Les’ post discussing how  filing within 10 days of an e-file rejection will still result in a timely return.  This work around will not present itself often but is worth remembering for those situation where your client has tried and failed to timely file their return electronically.

Comments

  1. GuestEsq says:

    Regarding the OIC, if the BK doesn’t work out, you may still want to consider the OIC. We just had an OIC go through where taxpayer owed TFRP for a defunct business. Spouse was non-liable. The OIC examiner didn’t consider her income (or her share of the expenses) in determining the taxpayer’s reasonable collection potential. The OIC is being recommended for acceptance to be reviewed by counsel and the manager. We are optimistic it will go through. Just a thought.

  2. Jason T. says:

    So much for Mrs. Client’s vow about taking her husband “for richer, or for poorer.”

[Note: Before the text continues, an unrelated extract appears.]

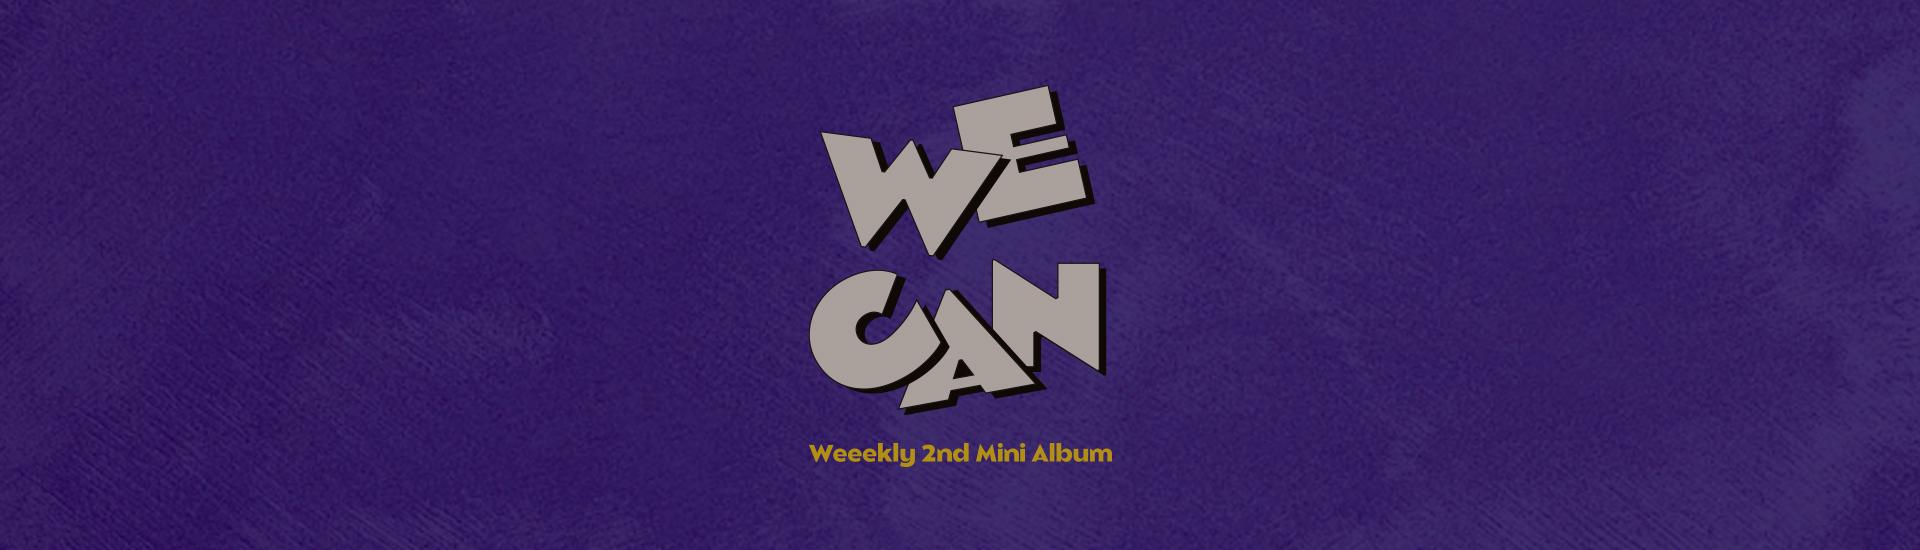 Weeekly - [We Can] Global Video Call

    What, if anything, happened with Mr. Client’s CDP hearing(s)? If the IRS has yet to offer one, then why bother with it, a bankruptcy, or an offer-in-compromise? If Mr. Client’s debt is “long outstanding,” then his waiting out the collection statute of limitations seems a good strategy.

    As for that strategy “putting pressure on his marriage,” I would tell Mrs. Client that good things come to she who waits. For good measure, I would advise Mr. Client to dump his wife for her despicable attitude. In the long run, a subpar wife with a good income will be worth far less than a good wife with a subpar income.

  3. Bob Kamman says:

    Villanova is about to win the NCAA Men’s Basketball Championship, and you’re worried about some unnumbered paragraph?

  4. Norman Diamond says:

    So if a taxpayer files a late return containing the same information that was in a section 6020(b) return isn’t a return under the Beard test? The Beard test has four conditions that have to be met, right? One of those conditions is that the taxpayer has to sign the preprinted jurat and the guy did it, right? What about the other three conditions, what was the defect in the information that the IRS and the taxpayer agreed on?

  5. Norman Diamond says:

    ‘So much for Mrs. Client’s vow about taking her husband “for richer, or for poorer.” […] For good measure, I would advise Mr. Client to dump his wife for her despicable attitude.’

    So much for Mr. Client’s vow about taking his wife “for better, or for worse.”

    (Yeah I know, since a court can contradict itself within a single ruling, so can a lawyer. But I couldn’t help noticing.)